Production password authentication should also include password reset.

Add:

  • A forgot password form.
  • A reset password form.
  • A sendResetPassword implementation in better-auth.
  • Email delivery through the same transactional email provider.

Without password reset, users can get permanently locked out.

Rate Limiting

Add rate limiting before allowing public sign-ups.

Protect at least:

  • Sign-up.
  • Sign-in.
  • Resend verification email.
  • Password reset request.

This is important because auth routes are easy targets for spam and credential attacks.

Possible options:

OptionNotes
Upstash RedisCommon with Vercel, and has a free tier.
Vercel FirewallUseful for coarse protection and bot controls.
In-app limiterPossible, but harder on serverless hosting.

Email Provider Options

Pricing was checked on 2026-06-24. Re-check before implementation because free tiers can change.

ProviderFree OptionNotes
Resend3,000 emails/month, 100 emails/dayAPI and SMTP support, with 1 free domain.
BrevoFree forever planCheck the current sending quota before choosing.
MailerSend500 emails/monthRequires approval and card details.
Postmark100 emails/monthStrong reputation, but a small free tier.

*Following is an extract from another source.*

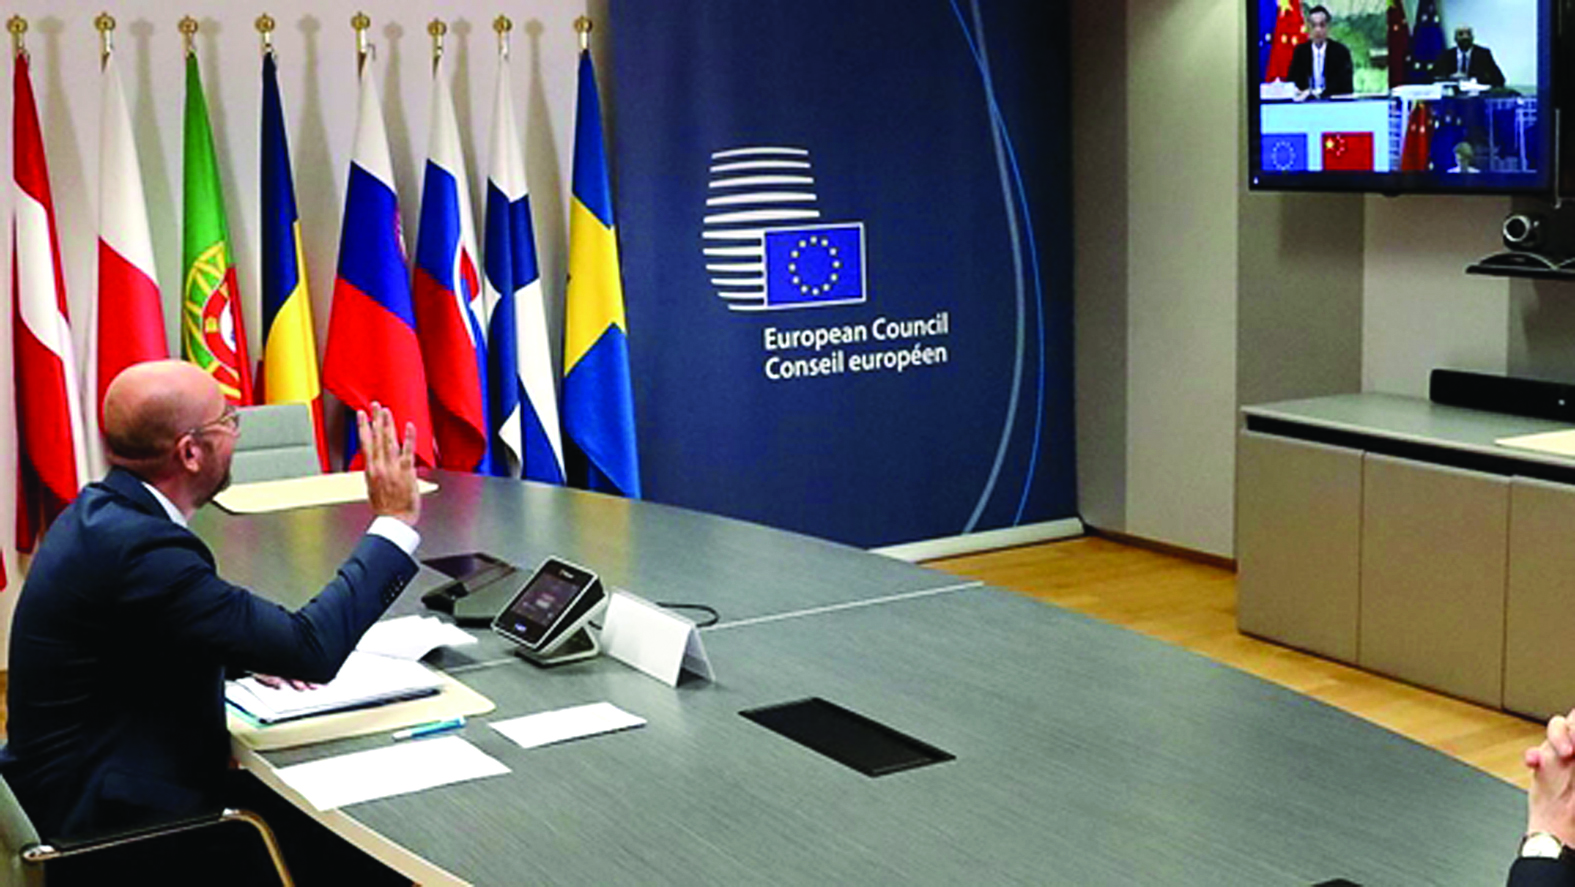  Trung Quốc và EU vừa ký kết thỏa thuận đầu tư. (Chủ tịch Hội đồng châu Âu Charles Michel trao đổi với Thủ tướng Trung Quốc Lý Khắc Cường tại Hội nghị trực tuyến. Ảnh: dw.com)

For this project, Resend is a good choice for a free email provider.

  • It has a useful free tier for a small note-taking app.
  • It is focused on transactional app email.
  • It has a simple API.
  • It works well with Next.js projects.
  • The free tier is enough for sign-up verification and password reset during early testing.

Use a real domain if possible, even for a small project. Transactional email works best when the sender domain has proper DNS records.

Expected DNS records:

  • SPF
  • DKIM
  • DMARC

Note: If the project does not have a custom domain yet, choose an email provider that supports a test mode or sandbox sender while building. For production, use a verified domain.

Sources:

Server-Side Validation To Add

The app already validates note input with Zod in lib/validations.ts.

Add similar schemas for auth input:

export const signUpSchema = z.object({
name: z.string().trim().min(1).max(100),
email: z.string().trim().toLowerCase().email(),
password: z.string().min(8).max(128),
});

export const signInSchema = z.object({
email: z.string().trim().toLowerCase().email(),
password: z.string().min(1).max(128),
});

Client-side validation improves the experience. Server-side validation protects the app.

Deployment Decision

For this project, Vercel and Neon PostgreSQL are the simplest deployment option because they align closely with the existing development stack and require minimal infrastructure management.

Before a public deployment, the following items should be completed:

  • Email verification
  • Password reset
  • Rate limiting
  • Production environment configuration
  • Deployment validation and testing

Once those controls are in place, the application would be suitable for a small-scale public deployment.